Complete step-by-step solution:
The complex number given to us is $ - 2i$ , comparing it to the standard form of the complex number $a + ib$ , we get –
$a = 0$ and $b = - 2$
We know that the polar form of $a + ib$ is $r\cos \theta + if\sin \theta $ -
$
   \Rightarrow r = \sqrt {0 + 4} = 2 \\
   \Rightarrow \cos \theta = \dfrac{0}{2} = 0 \\
   \Rightarrow \sin \theta = \dfrac{{ - 2}}{2} = - 1 \\
 $
We know that
$
 \Rightarrow \cos \dfrac{{3\pi }}{2} = 0 \\
   \Rightarrow \cos \theta = \cos \dfrac{{3\pi }}{2} \\
 $
And
$
 \Rightarrow \sin \dfrac{{3\pi }}{2} = - 1 \\
   \Rightarrow \sin \theta = \sin \dfrac{{3\pi }}{2} \\
 $
Hence, the polar form of $ - 2i$ is $2(\cos \dfrac{{3\pi }}{2} + i\sin \dfrac{{3\pi }}{2})$ .

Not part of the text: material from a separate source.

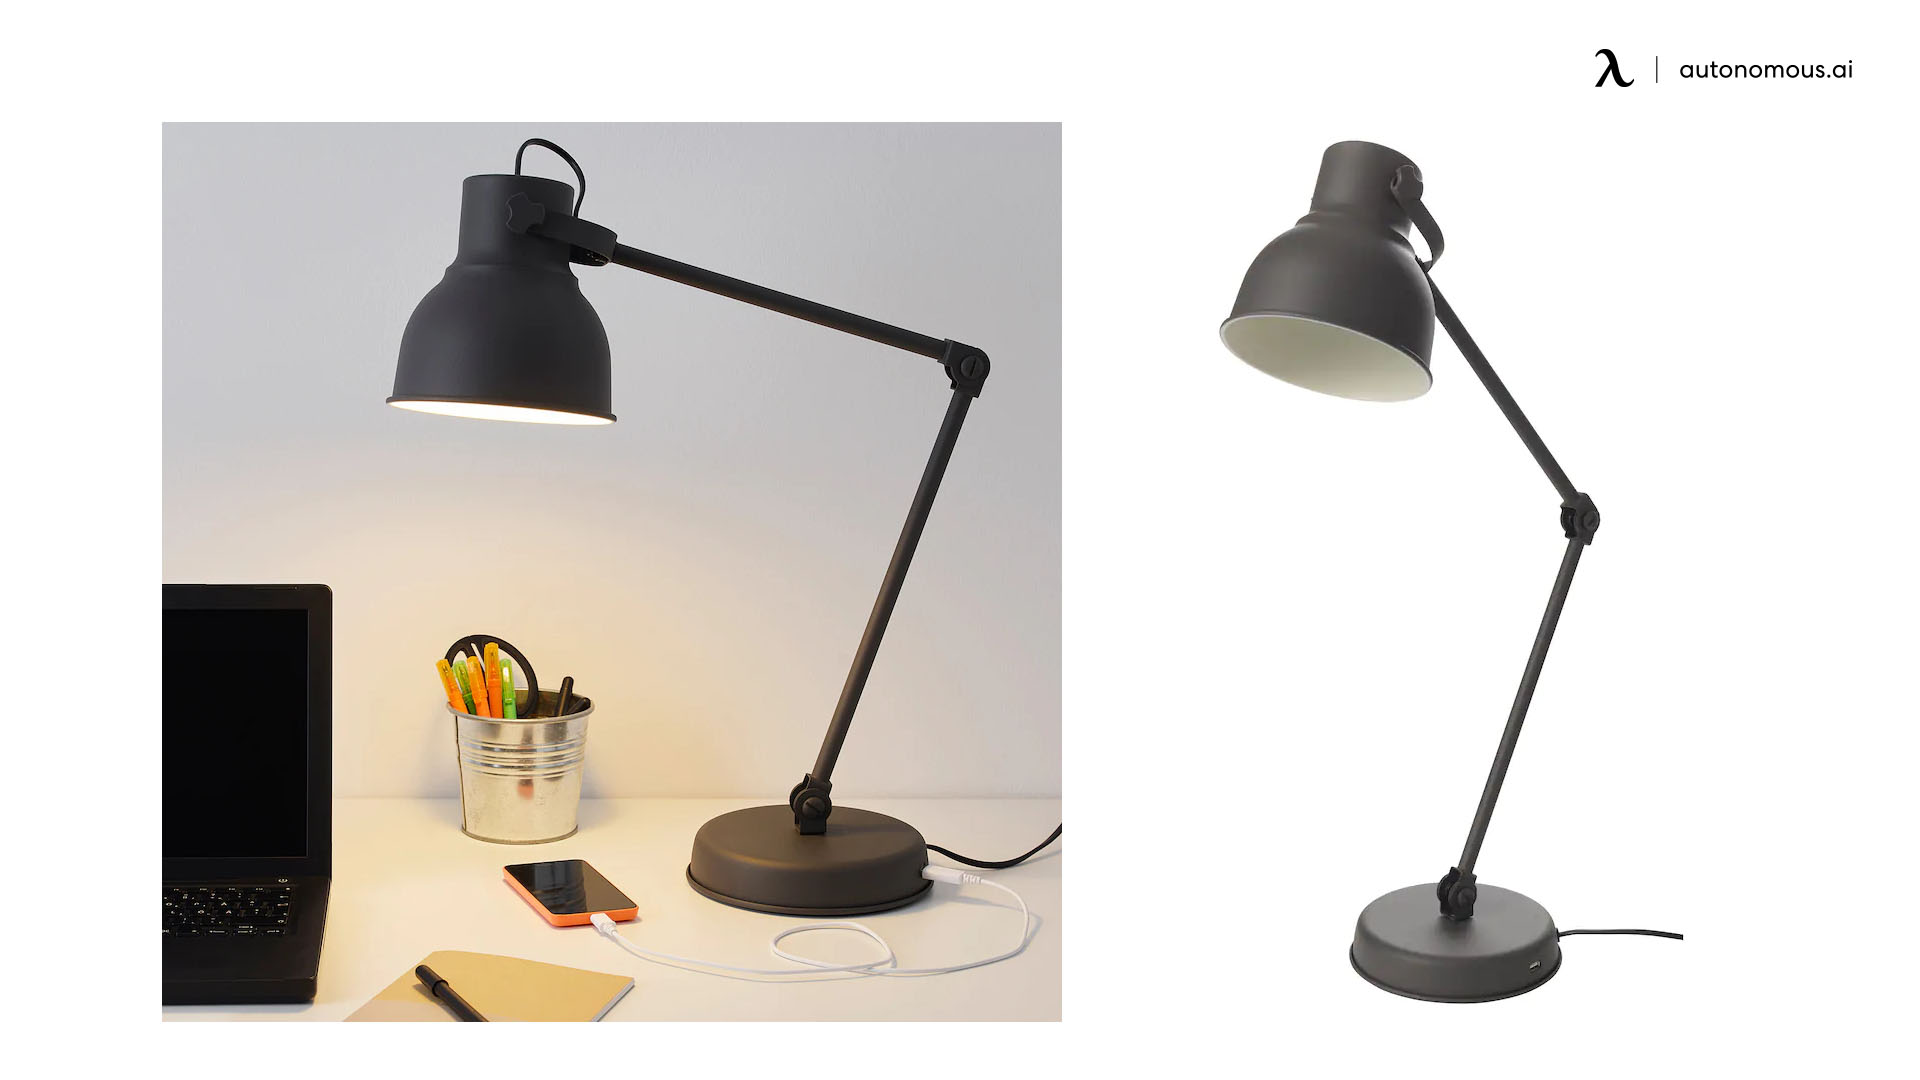 Led Desk Light For An Rgb Setup, Franklin Iron Works Industrial Table Lamp With Usb Port Ikea

Note: The complex numbers and real numbers are the two types of numbers. A number that can be shown on the number line is known as a real number, and the numbers that cannot be shown on the number line is known as a complex number. We cannot find the square root of negative numbers, so we have supposed $\sqrt { - 1} $ to be iota $(i)$ , this way $\sqrt { - n} $ is written as $\sqrt n i$ . The complex number $a + ib$ is written as $(r,\theta )$. Thus the polar form of $ - 2i$ is written as $(2,\dfrac{{3\pi }}{2})$ . Converting complex numbers into a polar form is used for their expression on the graph paper, so, with a similar approach, we can convert any complex number into polar form.